Gradio interface and wiring

A compact Gradio Blocks app provides a microphone recorder, text input, chat display, transcript box, audio output, and buttons for actions. The UI wires callbacks to the functions above so users can speak or type and hear the agent respond.

with gr.Blocks(title="Advanced Voice AI Agent (HF Pipelines)") as demo:
   gr.Markdown(
       "##  Advanced Voice AI Agent (Hugging Face Pipelines Only)\n"
       "- **ASR**: openai/whisper-small.en\n"
       "- **LLM**: google/flan-t5-base\n"
       "- **TTS**: suno/bark-small\n"
       "Speak or type; the agent replies with voice + text."
   )


   with gr.Row():
       with gr.Column(scale=1):
           mic = gr.Audio(sources=["microphone"], type="filepath", label="Record")
           say_btn = gr.Button(" Speak")
           text_in = gr.Textbox(label="Or type instead", placeholder="Ask me anything…")
           text_btn = gr.Button(" Send")
           export_btn = gr.Button(" Export Chat (.txt)")
           reset_btn = gr.Button(" Reset")
       with gr.Column(scale=1):
           audio_out = gr.Audio(label="Assistant Voice", autoplay=True)
           transcript = gr.Textbox(label="Transcript", lines=6)
           chat = gr.Chatbot(height=360)
   state = gr.State([])


   def update_chat(history):
       return [(u, a) for u, a in (history or [])]
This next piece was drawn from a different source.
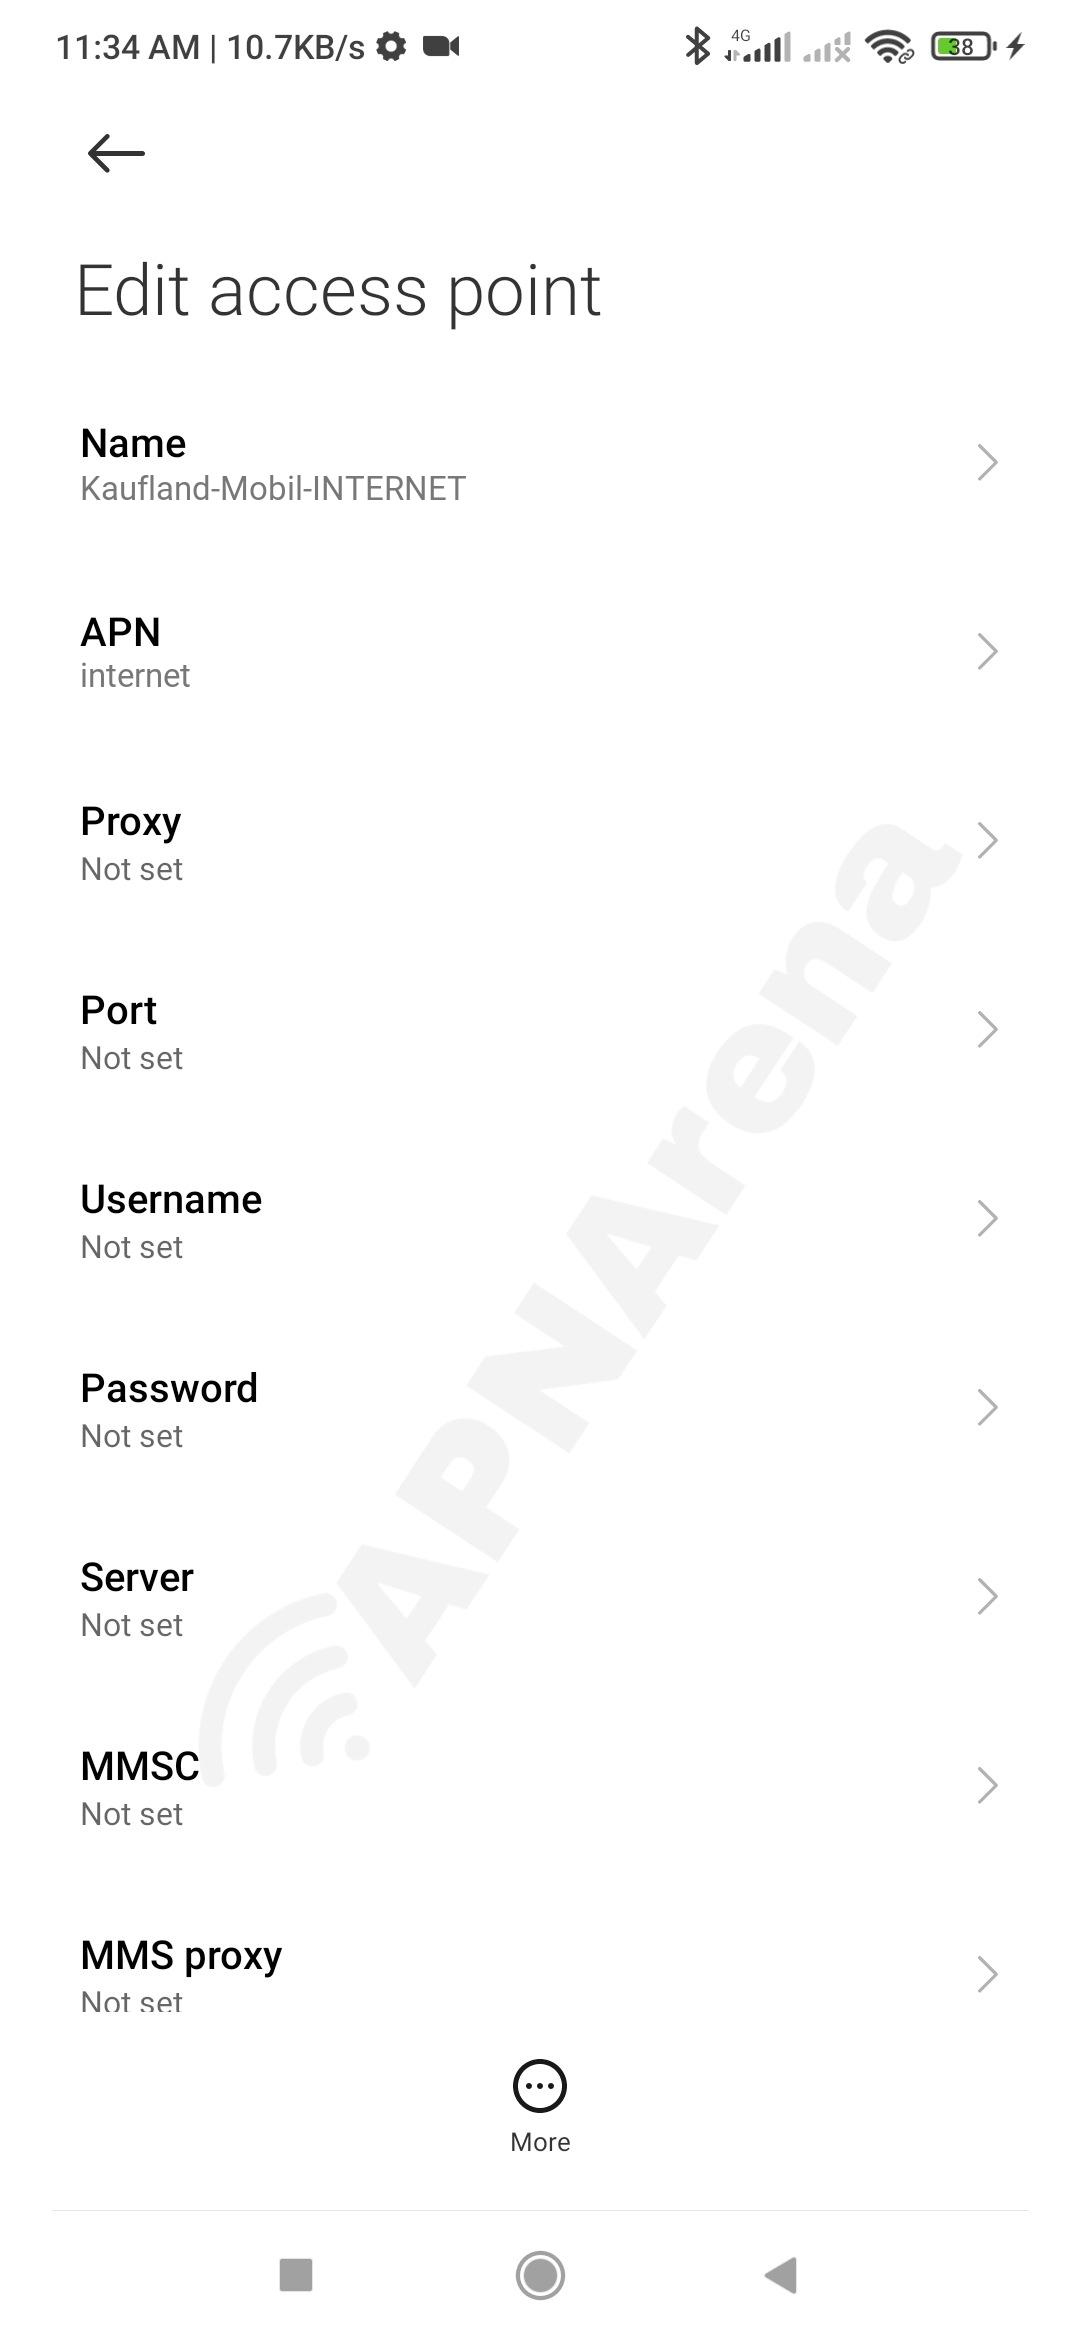 Kaufland mobil APN Settings for Android

   say_btn.click(voice_to_voice, [mic, state], [state, audio_out, transcript]).then(
       update_chat, inputs=state, outputs=chat
   )
   text_btn.click(text_to_voice, [text_in, state], [state, audio_out, transcript]).then(
       update_chat, inputs=state, outputs=chat
   )
   reset_btn.click(clear_history, None, [chat, state])
   export_btn.click(export_chat, state, gr.File(label="Download chat.txt"))


demo.launch(debug=False)

How it works in practice

The Gradio UI captures audio or text.
Whisper transcribes spoken input into text.
The history-aware prompt is sent to FLAN-T5, which generates a concise assistant reply.
Bark synthesizes that reply into natural-sounding audio and the UI plays it back.

Extending the demo

This foundation lets you replace models with larger alternatives, add multilingual support, or integrate custom business logic. The modular pipeline design keeps components interchangeable and easy to experiment with in Colab.